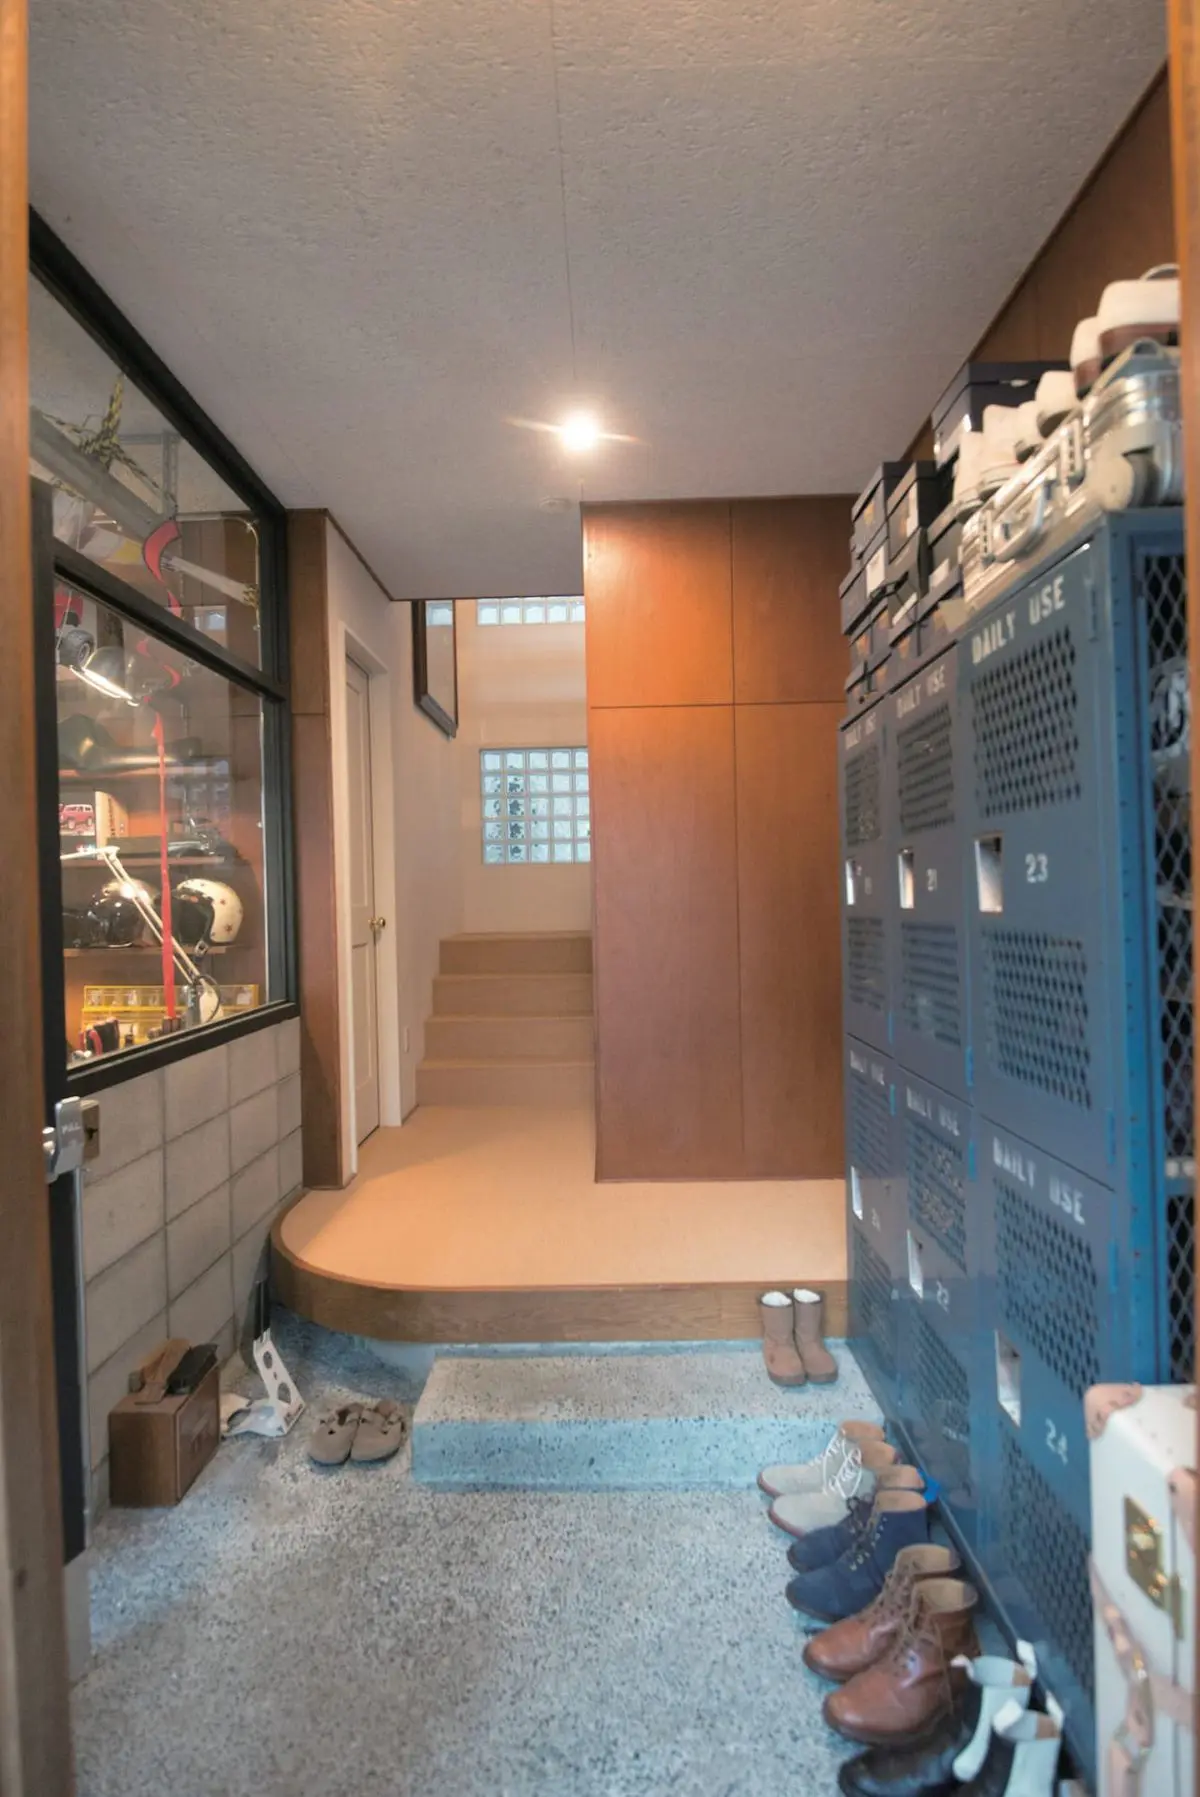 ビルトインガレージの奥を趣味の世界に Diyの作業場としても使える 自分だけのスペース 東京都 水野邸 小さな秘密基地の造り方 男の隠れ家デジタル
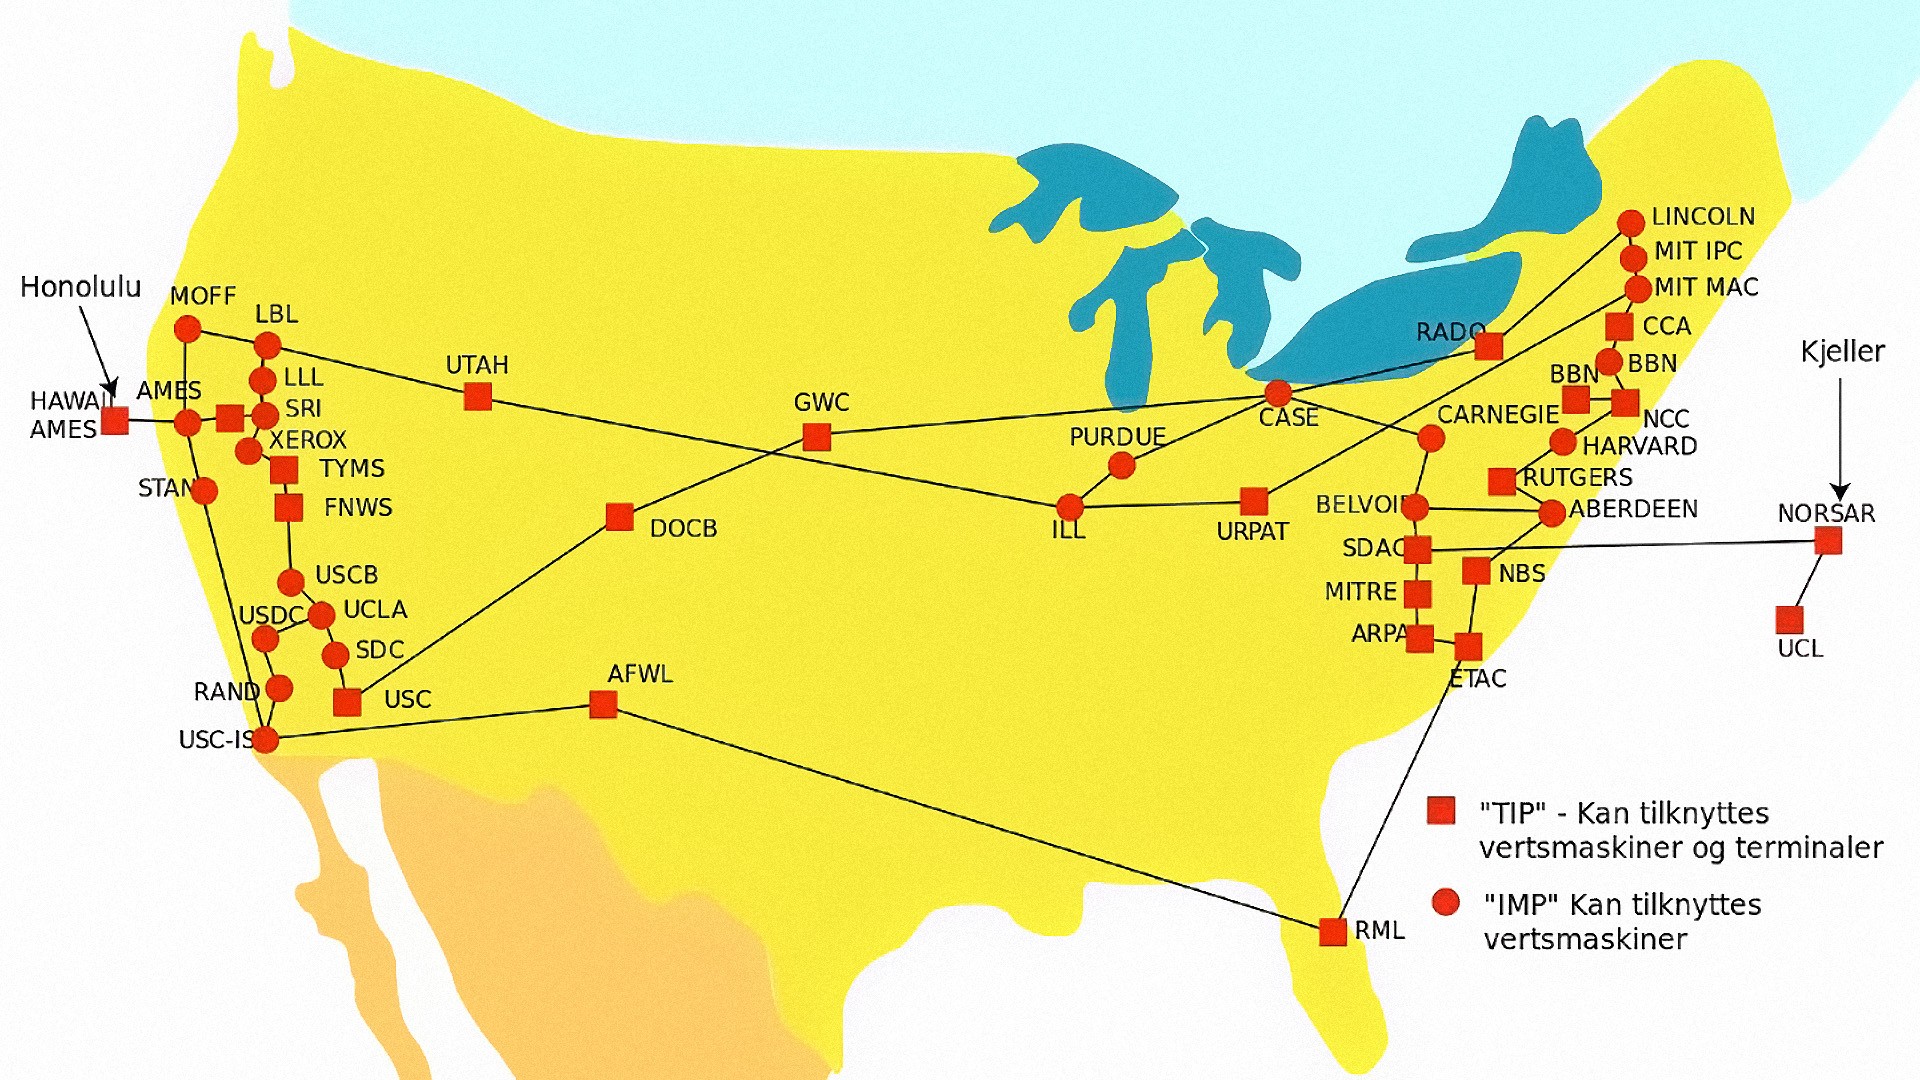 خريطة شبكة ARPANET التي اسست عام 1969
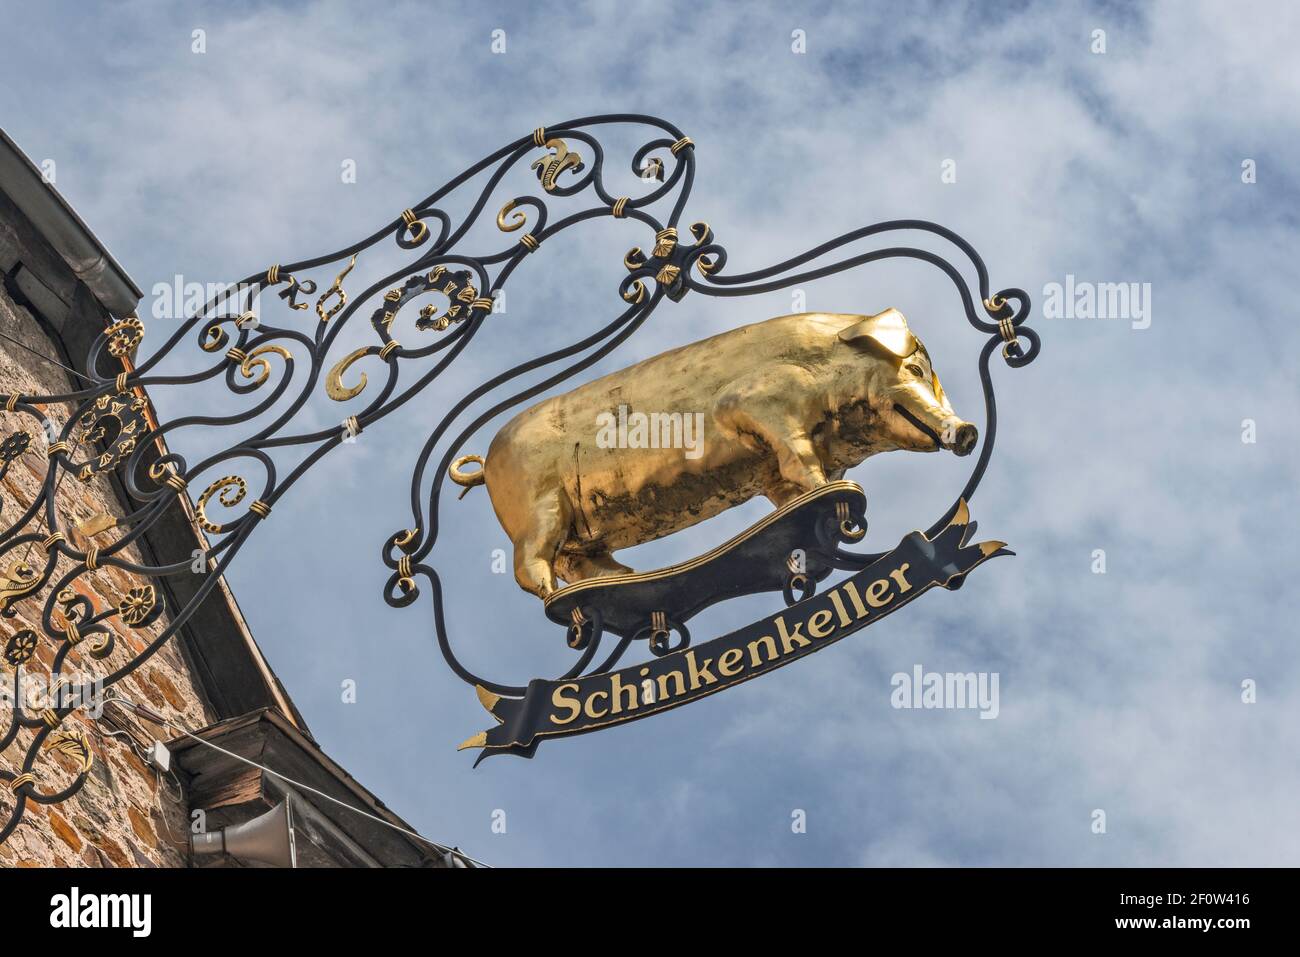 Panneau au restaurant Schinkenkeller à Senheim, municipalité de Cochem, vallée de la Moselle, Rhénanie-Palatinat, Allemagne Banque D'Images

▶ [How to complete this task] The data above must be given again in full and unaltered, minus its images.

▶ [Answer section]
 ビルトインガレージの奥を趣味の世界に Diyの作業場としても使える 自分だけのスペース 東京都 水野邸 小さな秘密基地の造り方 男の隠れ家デジタル
 خريطة شبكة ARPANET التي اسست عام 1969
 Panneau au restaurant Schinkenkeller à Senheim, municipalité de Cochem, vallée de la Moselle, Rhénanie-Palatinat, Allemagne Banque D'Images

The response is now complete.